Charting the Way Forward for a Robust and Adaptive AI Governance Framework
SEBI’s paper is an important first step toward regulating AI/ML in financial markets, but many crucial adjustments are required to get from intention to impact. First, SEBI has to define culpability and institutional accountability. The existing architecture ambiguously assigns responsibilities to developers, deployers, and board members. A specific attribution model—possibly through revisions to SEBI’s regulations or interpretative advice under the Companies Act—should establish the standard of care required of all stakeholders. Directors and compliance officials must understand what “due diligence” entails in AI supervision.
Second, the current uniform regulatory system must be replaced with a calibrated, risk-based framework. AI applications vary greatly in sophistication and influence, ranging from simple chatbots to high-frequency trading platforms. Regulations should be proportional to the risk profile and systemic significance. Third, SEBI should explore establishing procedural protections such as required algorithmic audit cycles, internal accountability systems, and adverse-event reporting methods. These operational elements will add enforceability to an otherwise principle-driven system.
Fourth, the function of human monitoring should be reconsidered. Rather than mandating humans to supervise every AI function, SEBI should develop supervision models suited to the latency, complexity, and criticality of each use case. Finally, the lack of a formal system for stakeholder interaction and feedback integration after implementation must be addressed. SEBI should form a permanent AI/ML advisory council made up of engineers, attorneys, market players, and consumer advocates to ensure ongoing refinement.
Conclusion
SEBI’s consultation paper is a commendable step towards integrating AI/ML governance into the capital market framework of India.
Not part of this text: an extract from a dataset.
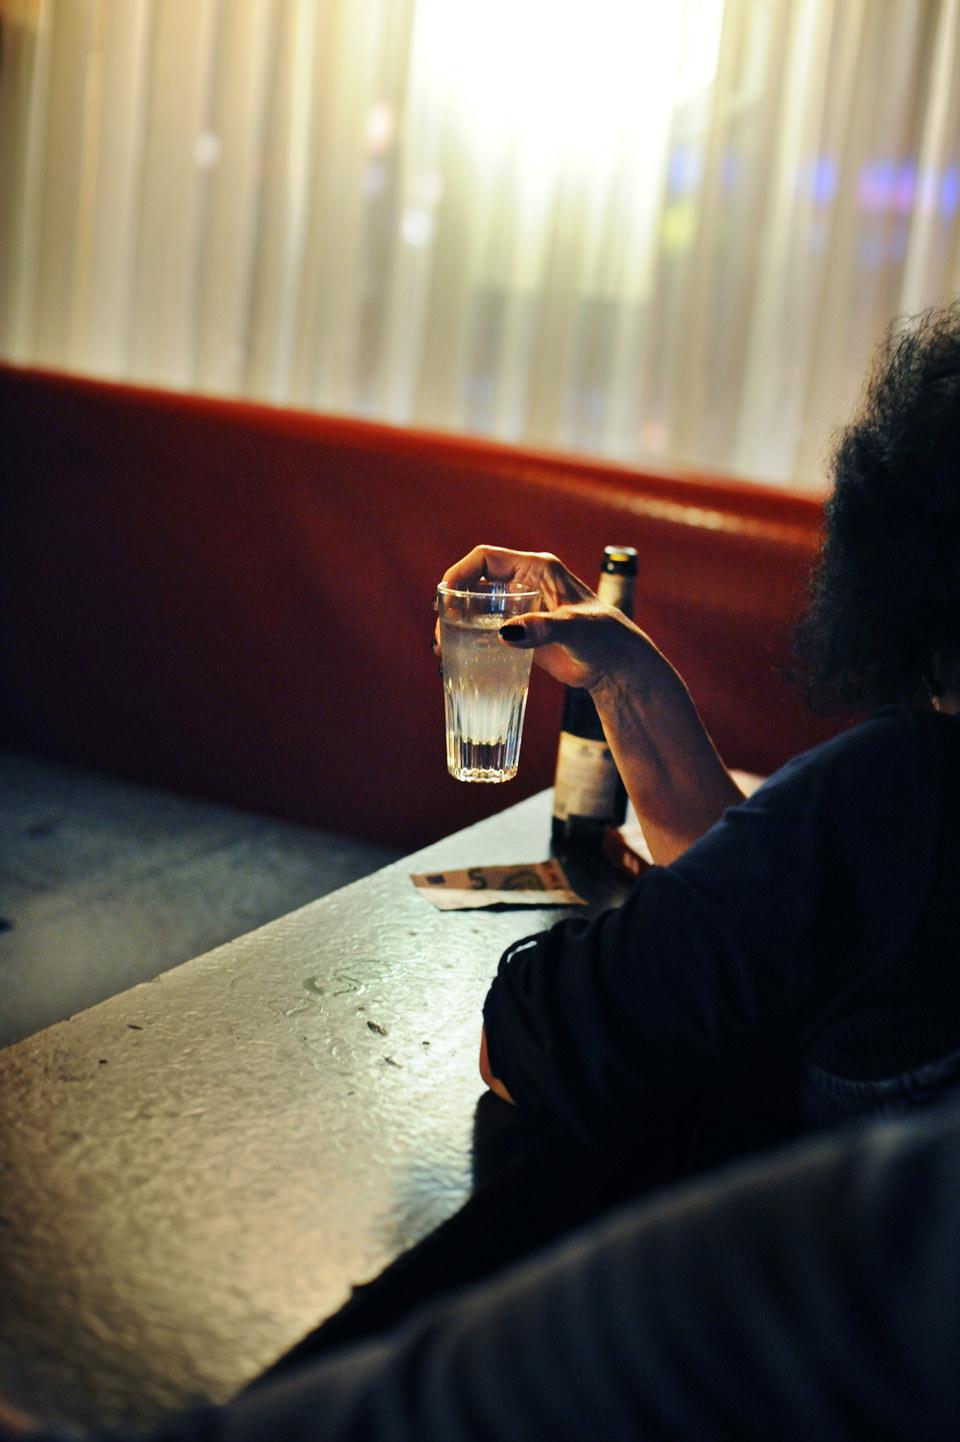 Eine Hand hält ein Glas.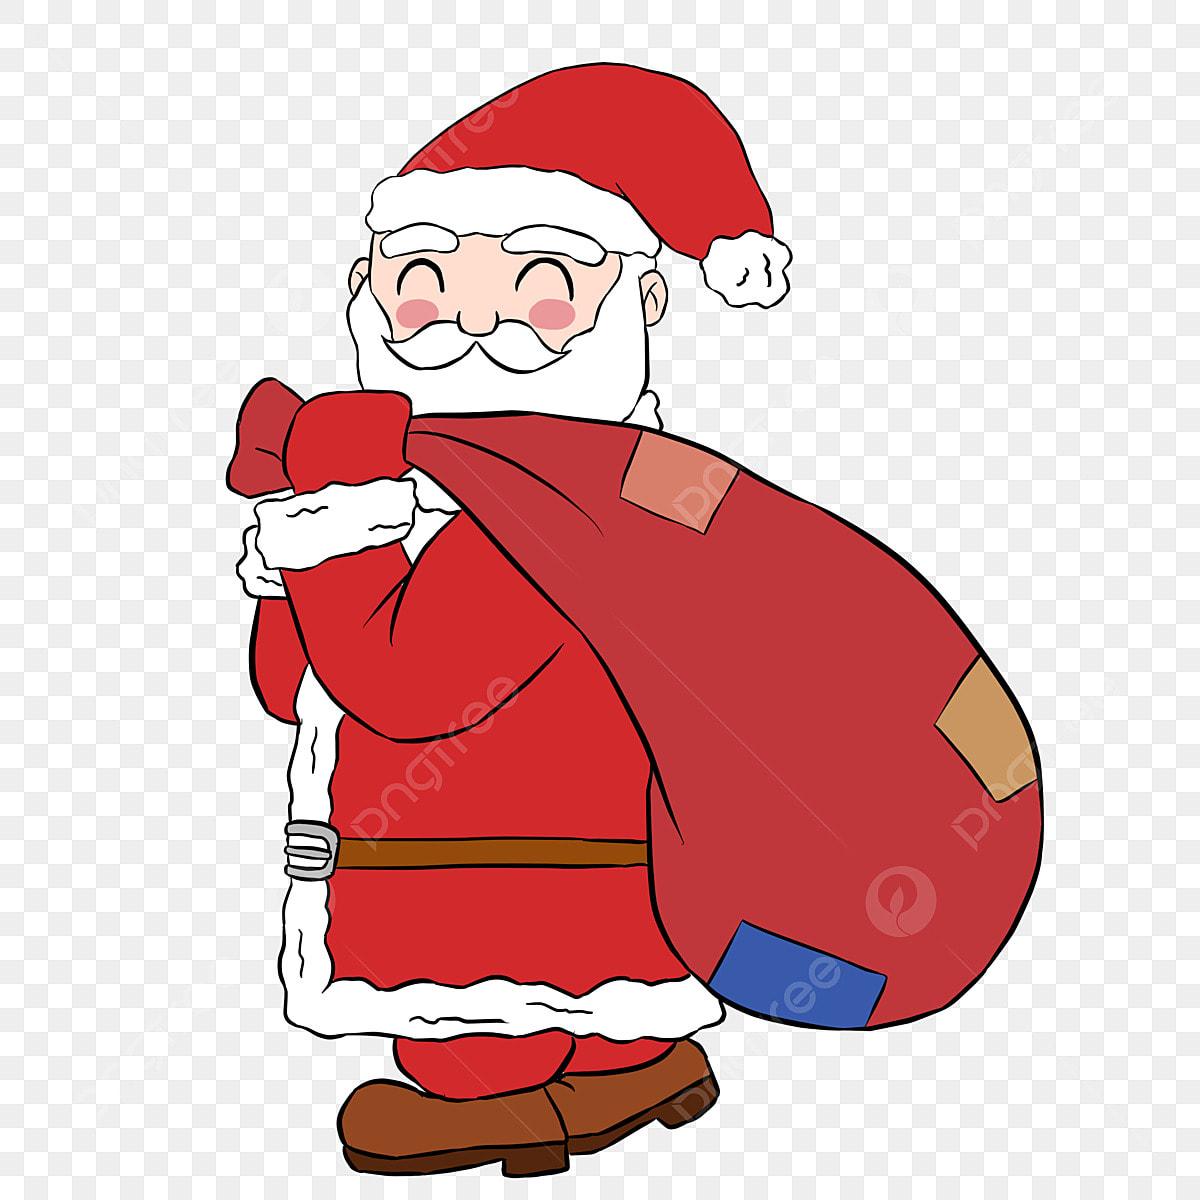 Imagenes De Papa Noel Animado.Dibujos Animados De Navidad Papa Noel De Nuevo Regalo

However, for it to progress beyond aspirational principles, the framework must incorporate enforceable standards, clarify accountability, and embrace a risk-sensitive regulatory design. Absent these refinements, the framework may fall short in offering operational certainty, legal enforceability, and investor protection. By embracing calibrated supervision, institutional clarity, and stakeholder-driven adaptation, SEBI can construct a future-ready model of AI regulation. The challenge ahead lies not in resisting technological adoption but in regulating it with foresight and precision.